> **ASSIGNMENT**
In the entries below, find the line with "A House Is Not A Home Coffee Mug, 11oz" and the line with "Члены Общественной Палаты". Print those two and everything between them exactly, and nothing else.

> **MATERIALS PROVIDED**
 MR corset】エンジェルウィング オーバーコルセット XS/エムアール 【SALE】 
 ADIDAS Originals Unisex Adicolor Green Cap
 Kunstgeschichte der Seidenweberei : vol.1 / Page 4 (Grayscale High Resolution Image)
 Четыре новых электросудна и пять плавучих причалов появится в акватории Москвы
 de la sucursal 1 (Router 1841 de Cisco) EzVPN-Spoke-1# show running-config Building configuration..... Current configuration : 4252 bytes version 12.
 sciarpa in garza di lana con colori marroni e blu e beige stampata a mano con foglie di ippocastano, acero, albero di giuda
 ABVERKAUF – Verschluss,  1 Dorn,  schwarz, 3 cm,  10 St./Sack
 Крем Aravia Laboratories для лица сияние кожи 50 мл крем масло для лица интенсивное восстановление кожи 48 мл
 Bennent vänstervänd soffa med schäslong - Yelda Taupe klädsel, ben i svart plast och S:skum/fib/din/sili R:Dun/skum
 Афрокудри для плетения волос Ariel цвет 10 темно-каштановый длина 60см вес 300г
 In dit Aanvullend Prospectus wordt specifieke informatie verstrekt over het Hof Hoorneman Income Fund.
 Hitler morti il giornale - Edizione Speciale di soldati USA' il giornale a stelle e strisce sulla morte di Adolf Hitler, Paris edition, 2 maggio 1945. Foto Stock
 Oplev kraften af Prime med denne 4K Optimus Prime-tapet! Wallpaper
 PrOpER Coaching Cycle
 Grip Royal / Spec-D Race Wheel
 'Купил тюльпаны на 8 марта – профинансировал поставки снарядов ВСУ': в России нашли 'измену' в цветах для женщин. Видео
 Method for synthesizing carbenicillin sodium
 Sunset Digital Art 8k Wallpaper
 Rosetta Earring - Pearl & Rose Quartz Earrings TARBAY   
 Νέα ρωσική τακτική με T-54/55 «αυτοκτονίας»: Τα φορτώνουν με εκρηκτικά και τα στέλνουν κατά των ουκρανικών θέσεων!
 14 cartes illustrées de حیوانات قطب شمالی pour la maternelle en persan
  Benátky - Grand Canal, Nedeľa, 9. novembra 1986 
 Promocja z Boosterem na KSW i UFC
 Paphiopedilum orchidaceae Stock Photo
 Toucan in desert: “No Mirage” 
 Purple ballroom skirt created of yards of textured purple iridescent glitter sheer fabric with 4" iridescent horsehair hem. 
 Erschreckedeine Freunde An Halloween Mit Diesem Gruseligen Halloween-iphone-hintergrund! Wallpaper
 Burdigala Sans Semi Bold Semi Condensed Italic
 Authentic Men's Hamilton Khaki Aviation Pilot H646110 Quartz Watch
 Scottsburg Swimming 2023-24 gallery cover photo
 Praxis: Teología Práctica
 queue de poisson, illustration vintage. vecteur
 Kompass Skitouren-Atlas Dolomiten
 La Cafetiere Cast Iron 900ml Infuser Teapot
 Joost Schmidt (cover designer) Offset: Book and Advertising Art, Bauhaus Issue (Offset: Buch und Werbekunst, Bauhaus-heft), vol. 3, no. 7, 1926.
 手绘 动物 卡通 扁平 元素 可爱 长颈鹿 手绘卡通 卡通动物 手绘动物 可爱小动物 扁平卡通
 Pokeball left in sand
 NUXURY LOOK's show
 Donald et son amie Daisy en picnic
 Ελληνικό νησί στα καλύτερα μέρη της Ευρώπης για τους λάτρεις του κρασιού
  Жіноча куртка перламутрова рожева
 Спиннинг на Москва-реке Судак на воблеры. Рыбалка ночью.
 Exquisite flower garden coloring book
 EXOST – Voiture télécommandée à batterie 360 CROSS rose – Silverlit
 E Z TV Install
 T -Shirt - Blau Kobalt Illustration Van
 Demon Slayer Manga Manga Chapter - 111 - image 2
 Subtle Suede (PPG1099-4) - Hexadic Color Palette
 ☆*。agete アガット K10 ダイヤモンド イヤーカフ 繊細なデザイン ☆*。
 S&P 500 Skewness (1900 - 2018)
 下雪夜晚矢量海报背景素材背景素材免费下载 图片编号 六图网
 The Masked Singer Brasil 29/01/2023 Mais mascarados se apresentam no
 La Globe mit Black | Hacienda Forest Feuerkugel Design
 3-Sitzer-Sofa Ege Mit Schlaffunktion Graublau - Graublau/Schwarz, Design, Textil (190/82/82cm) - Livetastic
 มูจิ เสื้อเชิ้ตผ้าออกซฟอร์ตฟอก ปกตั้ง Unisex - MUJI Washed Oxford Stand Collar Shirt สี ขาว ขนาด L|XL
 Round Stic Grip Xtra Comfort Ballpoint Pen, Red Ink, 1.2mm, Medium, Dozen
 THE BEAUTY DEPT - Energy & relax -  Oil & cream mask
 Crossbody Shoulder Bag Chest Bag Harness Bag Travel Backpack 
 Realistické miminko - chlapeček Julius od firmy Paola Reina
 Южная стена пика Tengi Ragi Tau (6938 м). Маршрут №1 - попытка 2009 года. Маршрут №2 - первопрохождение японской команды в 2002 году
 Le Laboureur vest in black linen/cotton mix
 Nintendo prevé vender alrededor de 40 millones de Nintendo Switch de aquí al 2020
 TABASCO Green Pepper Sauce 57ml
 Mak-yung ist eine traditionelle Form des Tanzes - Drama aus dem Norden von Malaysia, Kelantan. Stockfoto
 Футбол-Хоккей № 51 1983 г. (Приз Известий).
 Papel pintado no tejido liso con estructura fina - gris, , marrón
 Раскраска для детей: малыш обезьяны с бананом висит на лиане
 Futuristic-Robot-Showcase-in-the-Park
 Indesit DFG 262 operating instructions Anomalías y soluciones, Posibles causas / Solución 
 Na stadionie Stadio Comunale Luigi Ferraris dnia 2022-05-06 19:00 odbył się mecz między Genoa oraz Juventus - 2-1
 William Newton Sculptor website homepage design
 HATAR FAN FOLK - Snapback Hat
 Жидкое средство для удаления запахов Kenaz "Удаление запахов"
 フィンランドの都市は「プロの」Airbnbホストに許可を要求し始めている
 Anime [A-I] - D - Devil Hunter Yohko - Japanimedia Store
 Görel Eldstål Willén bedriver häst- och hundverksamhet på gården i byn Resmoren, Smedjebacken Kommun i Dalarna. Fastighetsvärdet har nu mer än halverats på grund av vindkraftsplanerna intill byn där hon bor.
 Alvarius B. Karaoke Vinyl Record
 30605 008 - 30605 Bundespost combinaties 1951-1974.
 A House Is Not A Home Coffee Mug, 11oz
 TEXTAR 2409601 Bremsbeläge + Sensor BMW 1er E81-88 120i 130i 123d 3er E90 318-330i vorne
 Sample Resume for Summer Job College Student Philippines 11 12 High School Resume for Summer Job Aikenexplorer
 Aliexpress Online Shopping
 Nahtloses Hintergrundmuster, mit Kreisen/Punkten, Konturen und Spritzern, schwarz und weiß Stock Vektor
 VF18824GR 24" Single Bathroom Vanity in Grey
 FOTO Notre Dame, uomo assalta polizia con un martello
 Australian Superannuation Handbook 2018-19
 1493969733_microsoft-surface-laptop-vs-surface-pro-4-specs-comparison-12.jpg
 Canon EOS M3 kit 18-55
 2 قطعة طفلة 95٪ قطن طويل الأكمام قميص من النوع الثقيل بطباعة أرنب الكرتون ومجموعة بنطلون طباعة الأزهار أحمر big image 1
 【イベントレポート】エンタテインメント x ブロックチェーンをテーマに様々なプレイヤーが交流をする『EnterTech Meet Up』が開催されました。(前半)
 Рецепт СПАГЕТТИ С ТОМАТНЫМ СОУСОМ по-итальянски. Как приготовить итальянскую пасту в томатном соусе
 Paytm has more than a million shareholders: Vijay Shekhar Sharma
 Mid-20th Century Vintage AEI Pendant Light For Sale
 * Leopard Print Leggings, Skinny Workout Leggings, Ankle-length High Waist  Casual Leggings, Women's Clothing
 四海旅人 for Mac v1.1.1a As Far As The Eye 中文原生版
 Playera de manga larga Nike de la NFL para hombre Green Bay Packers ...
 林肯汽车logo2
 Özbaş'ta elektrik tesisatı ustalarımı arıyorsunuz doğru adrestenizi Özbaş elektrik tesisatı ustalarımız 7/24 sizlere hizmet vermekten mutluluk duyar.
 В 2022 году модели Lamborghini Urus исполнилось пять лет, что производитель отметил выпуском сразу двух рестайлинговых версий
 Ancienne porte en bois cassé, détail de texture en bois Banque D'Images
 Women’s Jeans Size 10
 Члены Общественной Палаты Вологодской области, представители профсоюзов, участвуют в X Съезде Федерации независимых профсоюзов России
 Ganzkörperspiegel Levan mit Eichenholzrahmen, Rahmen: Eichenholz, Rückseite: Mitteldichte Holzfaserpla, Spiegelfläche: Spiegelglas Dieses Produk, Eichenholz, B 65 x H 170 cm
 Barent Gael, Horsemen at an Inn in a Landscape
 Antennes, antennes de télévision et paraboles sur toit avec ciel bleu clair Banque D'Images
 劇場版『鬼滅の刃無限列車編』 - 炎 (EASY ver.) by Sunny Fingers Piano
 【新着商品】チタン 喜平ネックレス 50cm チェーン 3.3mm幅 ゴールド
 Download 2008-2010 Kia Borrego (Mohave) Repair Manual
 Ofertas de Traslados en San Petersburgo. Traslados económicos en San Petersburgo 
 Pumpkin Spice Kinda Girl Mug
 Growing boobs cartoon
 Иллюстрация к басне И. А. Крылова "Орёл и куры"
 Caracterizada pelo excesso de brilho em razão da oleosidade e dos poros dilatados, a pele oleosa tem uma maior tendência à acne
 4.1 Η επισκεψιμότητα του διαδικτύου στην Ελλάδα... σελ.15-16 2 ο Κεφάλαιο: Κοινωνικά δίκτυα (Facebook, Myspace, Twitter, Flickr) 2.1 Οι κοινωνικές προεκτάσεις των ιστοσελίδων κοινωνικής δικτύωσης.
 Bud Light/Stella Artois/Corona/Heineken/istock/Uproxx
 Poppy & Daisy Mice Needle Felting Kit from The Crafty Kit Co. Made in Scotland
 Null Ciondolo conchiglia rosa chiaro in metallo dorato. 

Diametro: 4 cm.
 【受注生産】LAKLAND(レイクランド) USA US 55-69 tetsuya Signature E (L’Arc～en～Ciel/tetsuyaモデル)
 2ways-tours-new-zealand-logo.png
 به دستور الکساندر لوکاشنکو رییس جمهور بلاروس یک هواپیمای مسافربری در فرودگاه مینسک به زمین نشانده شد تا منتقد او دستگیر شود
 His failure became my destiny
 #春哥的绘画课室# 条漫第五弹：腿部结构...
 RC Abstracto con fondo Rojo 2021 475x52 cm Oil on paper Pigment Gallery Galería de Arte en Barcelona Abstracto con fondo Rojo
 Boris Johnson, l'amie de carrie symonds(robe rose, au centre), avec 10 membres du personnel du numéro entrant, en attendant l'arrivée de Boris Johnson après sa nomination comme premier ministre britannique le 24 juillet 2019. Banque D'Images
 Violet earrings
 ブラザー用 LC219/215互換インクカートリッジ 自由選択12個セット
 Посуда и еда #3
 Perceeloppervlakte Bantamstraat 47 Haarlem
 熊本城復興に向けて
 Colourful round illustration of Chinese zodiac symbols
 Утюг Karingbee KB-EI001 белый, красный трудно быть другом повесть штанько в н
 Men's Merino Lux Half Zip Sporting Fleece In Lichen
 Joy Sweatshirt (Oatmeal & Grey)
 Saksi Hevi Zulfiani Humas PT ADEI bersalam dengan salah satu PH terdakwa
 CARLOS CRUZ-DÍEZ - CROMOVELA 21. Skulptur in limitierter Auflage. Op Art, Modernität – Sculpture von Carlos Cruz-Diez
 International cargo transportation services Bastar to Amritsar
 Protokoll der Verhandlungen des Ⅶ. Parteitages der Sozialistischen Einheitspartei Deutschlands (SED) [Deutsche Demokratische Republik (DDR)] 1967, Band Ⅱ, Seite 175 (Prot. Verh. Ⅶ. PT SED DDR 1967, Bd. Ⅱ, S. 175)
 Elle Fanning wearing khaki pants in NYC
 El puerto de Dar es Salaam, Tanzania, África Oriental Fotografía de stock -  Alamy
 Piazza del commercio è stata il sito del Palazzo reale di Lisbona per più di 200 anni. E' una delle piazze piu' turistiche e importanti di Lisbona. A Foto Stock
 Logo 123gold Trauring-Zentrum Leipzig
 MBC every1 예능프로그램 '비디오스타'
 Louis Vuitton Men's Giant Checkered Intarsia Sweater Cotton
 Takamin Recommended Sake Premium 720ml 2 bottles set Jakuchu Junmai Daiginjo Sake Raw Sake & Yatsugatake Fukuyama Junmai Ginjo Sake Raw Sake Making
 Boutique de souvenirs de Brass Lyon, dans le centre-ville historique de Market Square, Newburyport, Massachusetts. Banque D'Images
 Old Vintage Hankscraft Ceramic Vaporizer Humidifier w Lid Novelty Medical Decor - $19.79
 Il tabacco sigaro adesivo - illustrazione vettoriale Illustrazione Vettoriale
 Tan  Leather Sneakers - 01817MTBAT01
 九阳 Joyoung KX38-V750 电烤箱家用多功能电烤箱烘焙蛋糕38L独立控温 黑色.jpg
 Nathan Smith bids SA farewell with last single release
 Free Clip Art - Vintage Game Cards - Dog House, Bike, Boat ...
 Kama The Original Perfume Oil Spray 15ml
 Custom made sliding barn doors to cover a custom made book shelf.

> **EXPECTED ANSWER**
 A House Is Not A Home Coffee Mug, 11oz
 TEXTAR 2409601 Bremsbeläge + Sensor BMW 1er E81-88 120i 130i 123d 3er E90 318-330i vorne
 Sample Resume for Summer Job College Student Philippines 11 12 High School Resume for Summer Job Aikenexplorer
 Aliexpress Online Shopping
 Nahtloses Hintergrundmuster, mit Kreisen/Punkten, Konturen und Spritzern, schwarz und weiß Stock Vektor
 VF18824GR 24" Single Bathroom Vanity in Grey
 FOTO Notre Dame, uomo assalta polizia con un martello
 Australian Superannuation Handbook 2018-19
 1493969733_microsoft-surface-laptop-vs-surface-pro-4-specs-comparison-12.jpg
 Canon EOS M3 kit 18-55
 2 قطعة طفلة 95٪ قطن طويل الأكمام قميص من النوع الثقيل بطباعة أرنب الكرتون ومجموعة بنطلون طباعة الأزهار أحمر big image 1
 【イベントレポート】エンタテインメント x ブロックチェーンをテーマに様々なプレイヤーが交流をする『EnterTech Meet Up』が開催されました。(前半)
 Рецепт СПАГЕТТИ С ТОМАТНЫМ СОУСОМ по-итальянски. Как приготовить итальянскую пасту в томатном соусе
 Paytm has more than a million shareholders: Vijay Shekhar Sharma
 Mid-20th Century Vintage AEI Pendant Light For Sale
 * Leopard Print Leggings, Skinny Workout Leggings, Ankle-length High Waist  Casual Leggings, Women's Clothing
 四海旅人 for Mac v1.1.1a As Far As The Eye 中文原生版
 Playera de manga larga Nike de la NFL para hombre Green Bay Packers ...
 林肯汽车logo2
 Özbaş'ta elektrik tesisatı ustalarımı arıyorsunuz doğru adrestenizi Özbaş elektrik tesisatı ustalarımız 7/24 sizlere hizmet vermekten mutluluk duyar.
 В 2022 году модели Lamborghini Urus исполнилось пять лет, что производитель отметил выпуском сразу двух рестайлинговых версий
 Ancienne porte en bois cassé, détail de texture en bois Banque D'Images
 Women’s Jeans Size 10
 Члены Общественной Палаты Вологодской области, представители профсоюзов, участвуют в X Съезде Федерации независимых профсоюзов России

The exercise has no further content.